WHAT IS BEING ASKED
Given the material below, output exactly the lines from the line with "Ракета с логотипом" to the line with "Chris Vanmil Stainless Steel Water Bottle", both ends included, and no other lines.

THE RECORDS Block Start

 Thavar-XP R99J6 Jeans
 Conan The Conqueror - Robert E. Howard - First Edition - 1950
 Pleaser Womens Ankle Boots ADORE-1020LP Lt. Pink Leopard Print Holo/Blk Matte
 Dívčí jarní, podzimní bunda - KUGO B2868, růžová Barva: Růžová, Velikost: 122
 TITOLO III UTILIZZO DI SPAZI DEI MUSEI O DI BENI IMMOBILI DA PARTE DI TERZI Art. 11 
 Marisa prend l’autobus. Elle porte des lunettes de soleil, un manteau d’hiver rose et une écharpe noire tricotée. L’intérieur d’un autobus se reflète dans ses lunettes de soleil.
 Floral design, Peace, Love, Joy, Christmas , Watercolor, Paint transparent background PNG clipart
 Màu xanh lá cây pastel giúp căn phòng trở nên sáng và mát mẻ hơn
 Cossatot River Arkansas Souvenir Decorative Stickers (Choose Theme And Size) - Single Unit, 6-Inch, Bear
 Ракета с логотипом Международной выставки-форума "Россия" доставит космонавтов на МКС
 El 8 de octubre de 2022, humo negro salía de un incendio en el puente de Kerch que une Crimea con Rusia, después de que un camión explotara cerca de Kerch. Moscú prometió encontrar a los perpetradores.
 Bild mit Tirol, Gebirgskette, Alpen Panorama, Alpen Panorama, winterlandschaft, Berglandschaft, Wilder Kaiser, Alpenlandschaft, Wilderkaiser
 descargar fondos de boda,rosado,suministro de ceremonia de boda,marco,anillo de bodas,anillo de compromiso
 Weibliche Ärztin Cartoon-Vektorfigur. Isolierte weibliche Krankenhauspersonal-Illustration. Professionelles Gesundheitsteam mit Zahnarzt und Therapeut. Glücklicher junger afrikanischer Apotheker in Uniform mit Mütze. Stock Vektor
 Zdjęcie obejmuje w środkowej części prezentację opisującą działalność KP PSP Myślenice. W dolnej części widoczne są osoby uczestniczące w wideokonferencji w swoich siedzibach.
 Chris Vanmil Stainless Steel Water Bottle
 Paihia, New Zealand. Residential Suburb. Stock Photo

THE RECORDS Block End

OUTPUT
 Ракета с логотипом Международной выставки-форума "Россия" доставит космонавтов на МКС
 El 8 de octubre de 2022, humo negro salía de un incendio en el puente de Kerch que une Crimea con Rusia, después de que un camión explotara cerca de Kerch. Moscú prometió encontrar a los perpetradores.
 Bild mit Tirol, Gebirgskette, Alpen Panorama, Alpen Panorama, winterlandschaft, Berglandschaft, Wilder Kaiser, Alpenlandschaft, Wilderkaiser
 descargar fondos de boda,rosado,suministro de ceremonia de boda,marco,anillo de bodas,anillo de compromiso
 Weibliche Ärztin Cartoon-Vektorfigur. Isolierte weibliche Krankenhauspersonal-Illustration. Professionelles Gesundheitsteam mit Zahnarzt und Therapeut. Glücklicher junger afrikanischer Apotheker in Uniform mit Mütze. Stock Vektor
 Zdjęcie obejmuje w środkowej części prezentację opisującą działalność KP PSP Myślenice. W dolnej części widoczne są osoby uczestniczące w wideokonferencji w swoich siedzibach.
 Chris Vanmil Stainless Steel Water Bottle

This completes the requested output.